Data to examine:
Segment Open

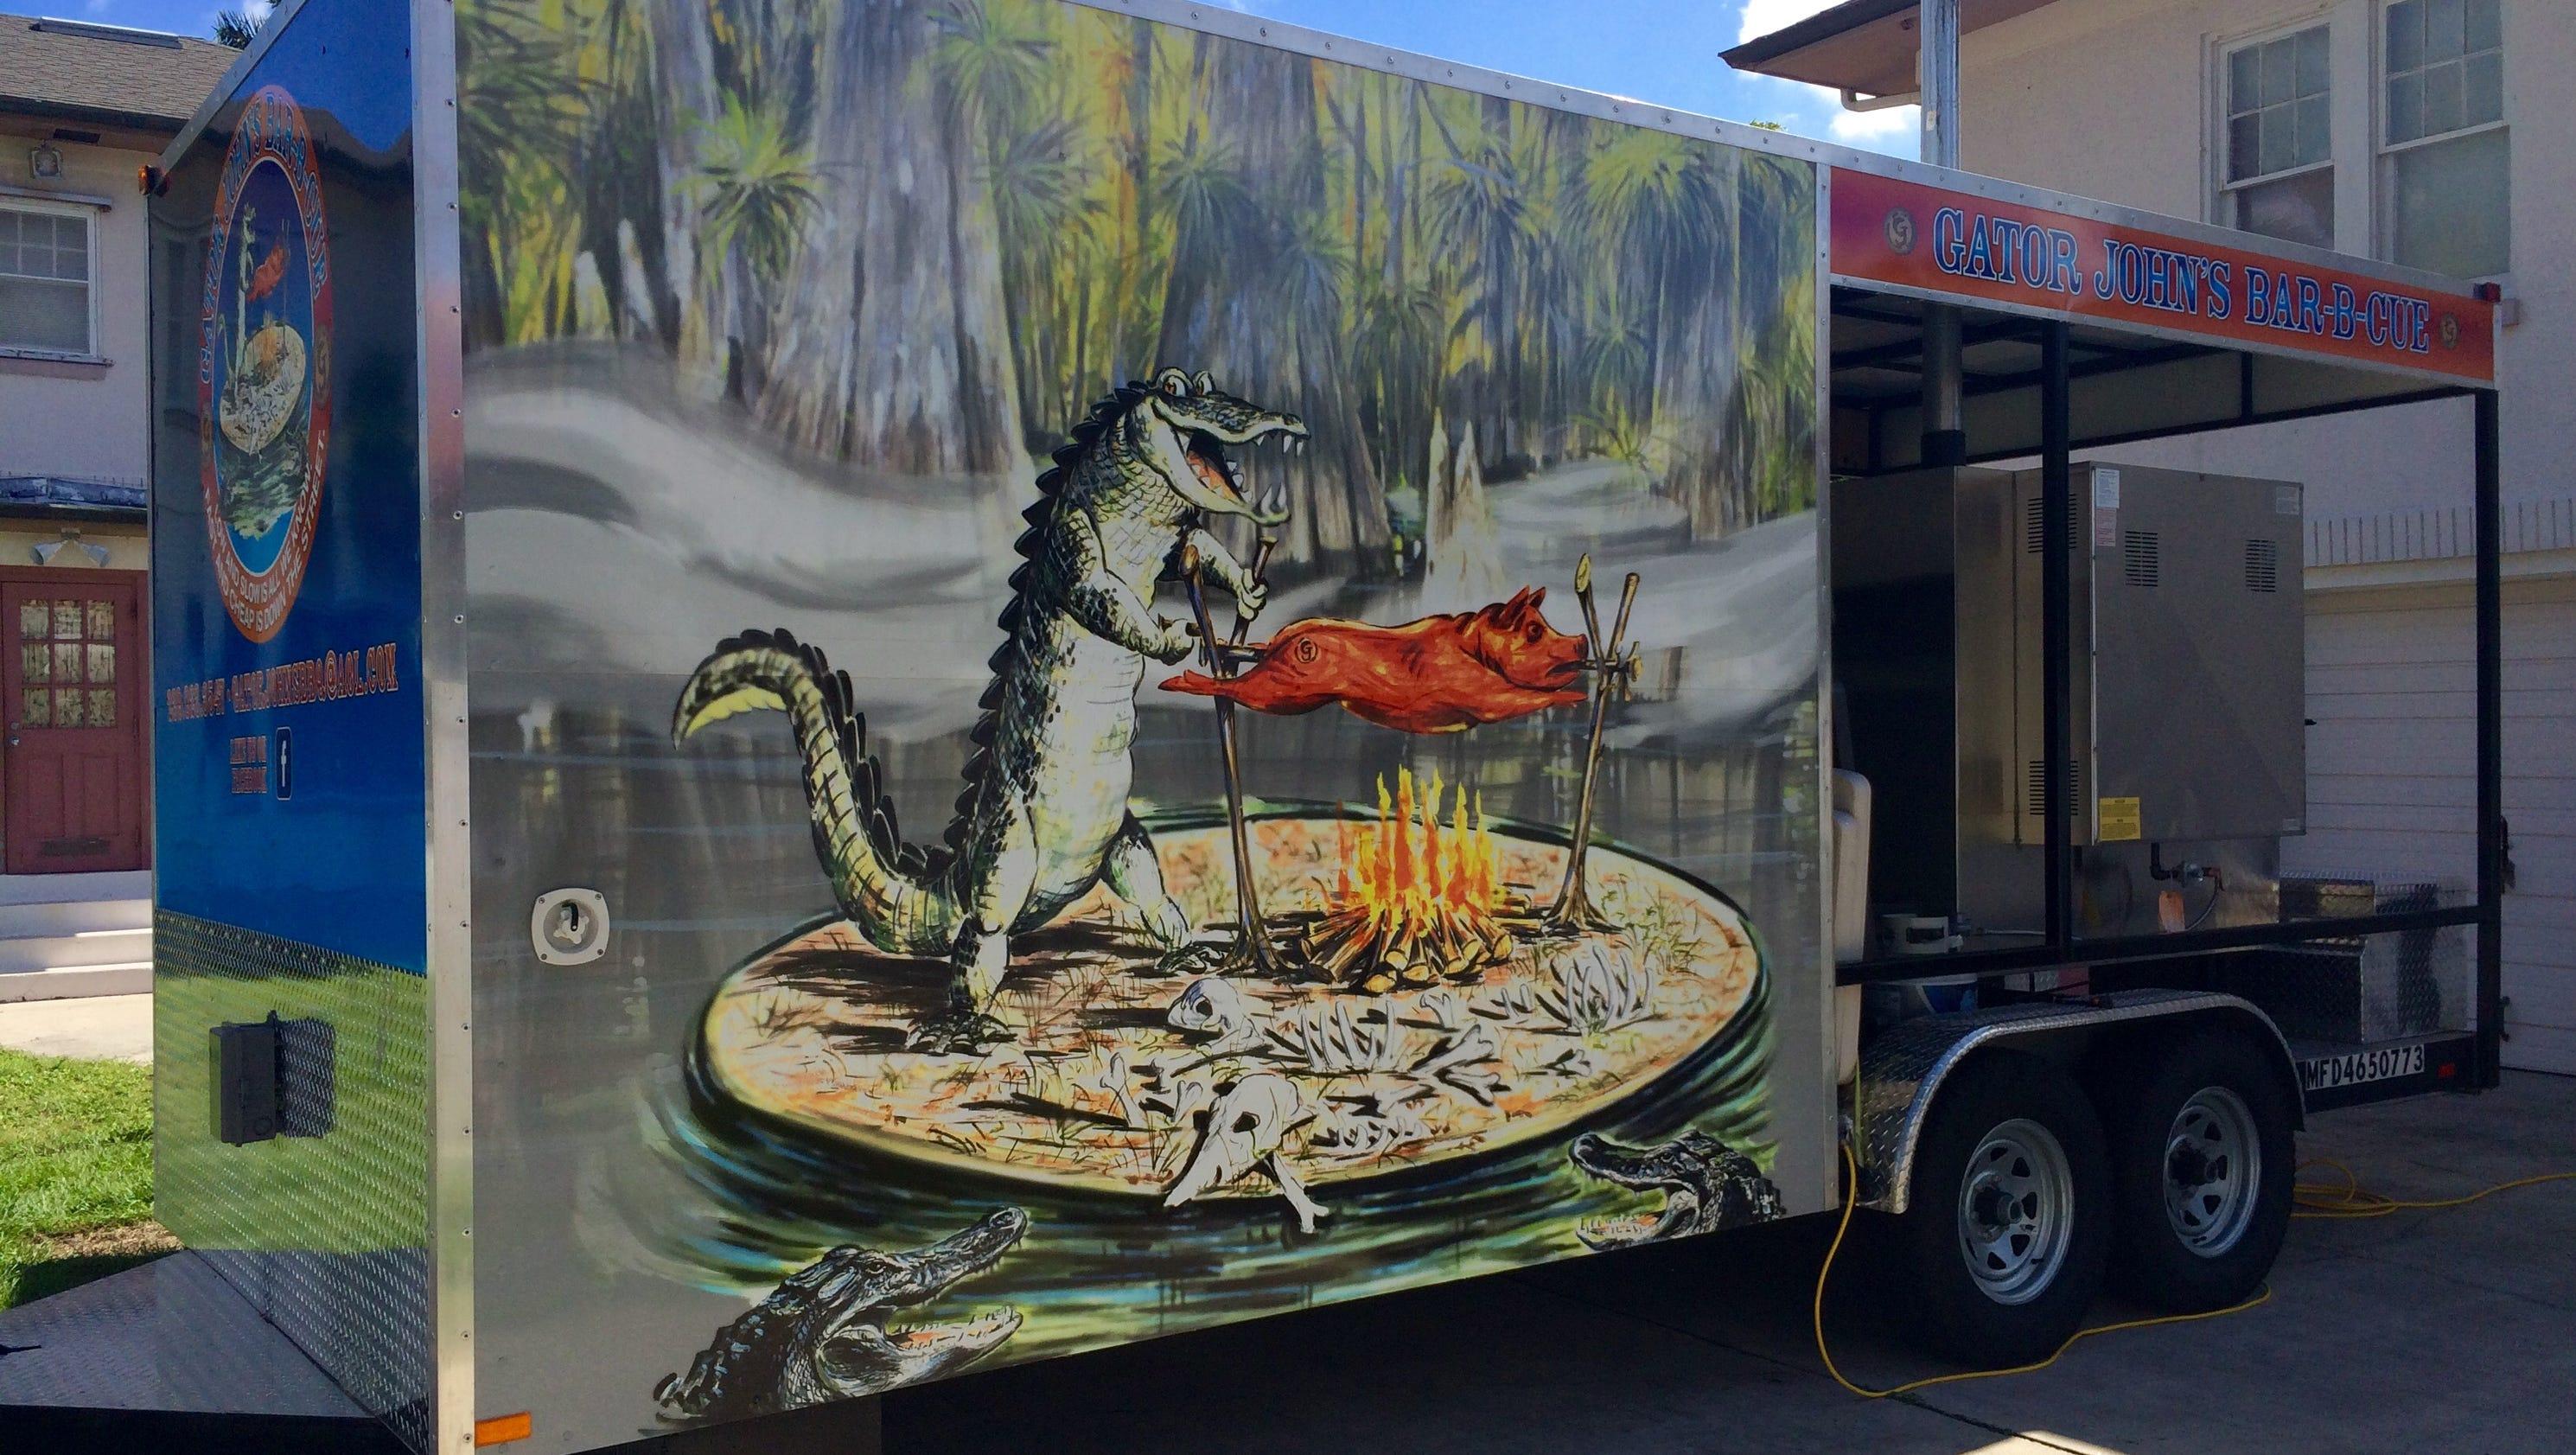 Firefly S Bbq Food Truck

Segment Closed
Segment Open

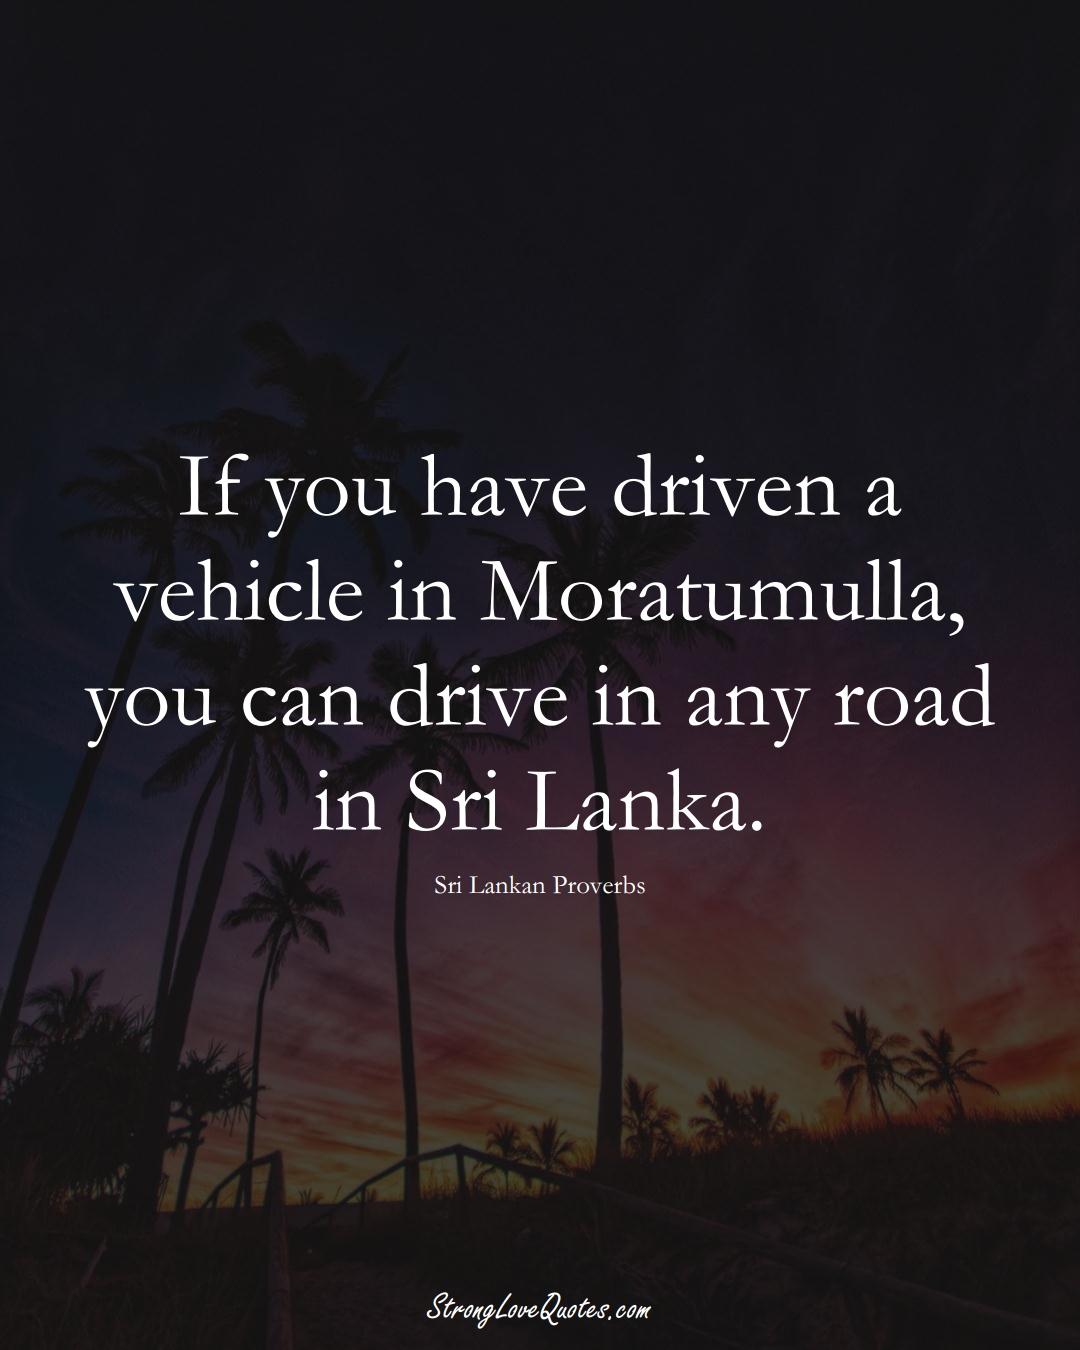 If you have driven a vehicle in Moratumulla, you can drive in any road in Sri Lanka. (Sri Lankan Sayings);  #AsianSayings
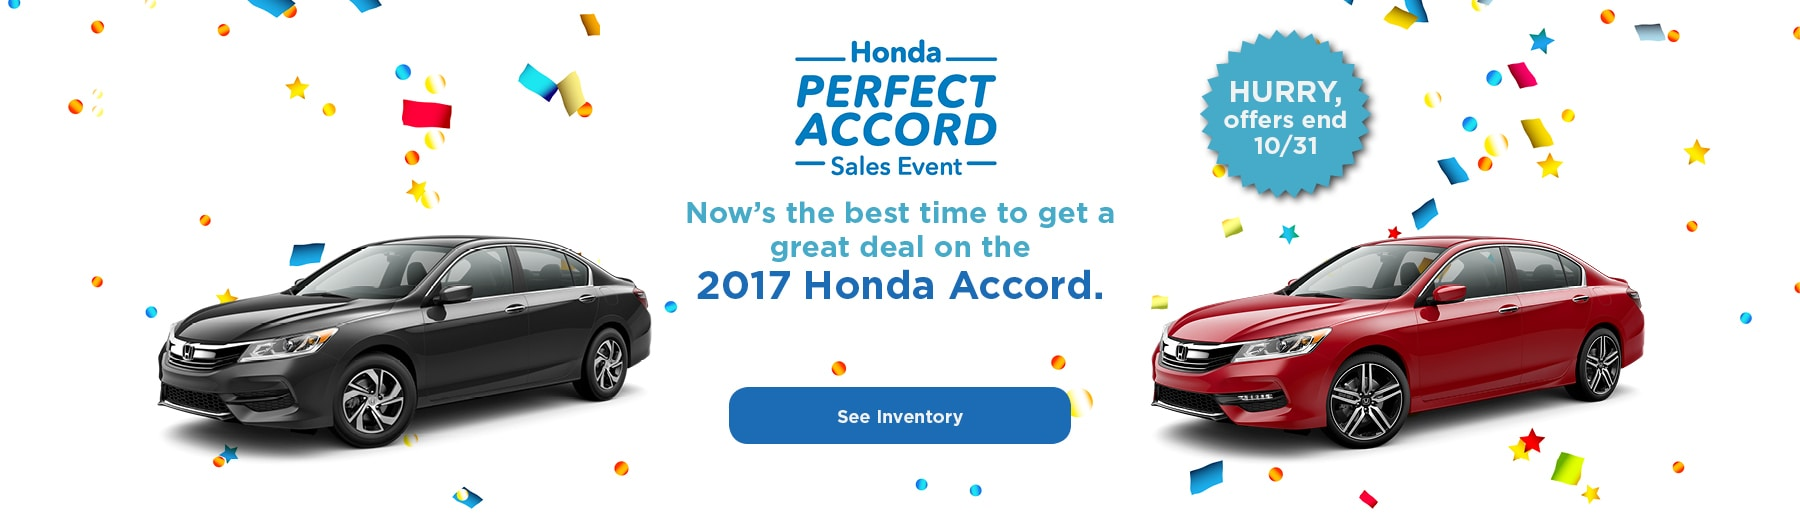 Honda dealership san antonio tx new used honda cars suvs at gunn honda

Segment Closed

Please copy the lines above exactly, starting at the line that holds "If you have" and ending at the line that holds "Honda dealership san"; include both, but no pictures.

Answer section:
 If you have driven a vehicle in Moratumulla, you can drive in any road in Sri Lanka. (Sri Lankan Sayings);  #AsianSayings
 Honda dealership san antonio tx new used honda cars suvs at gunn honda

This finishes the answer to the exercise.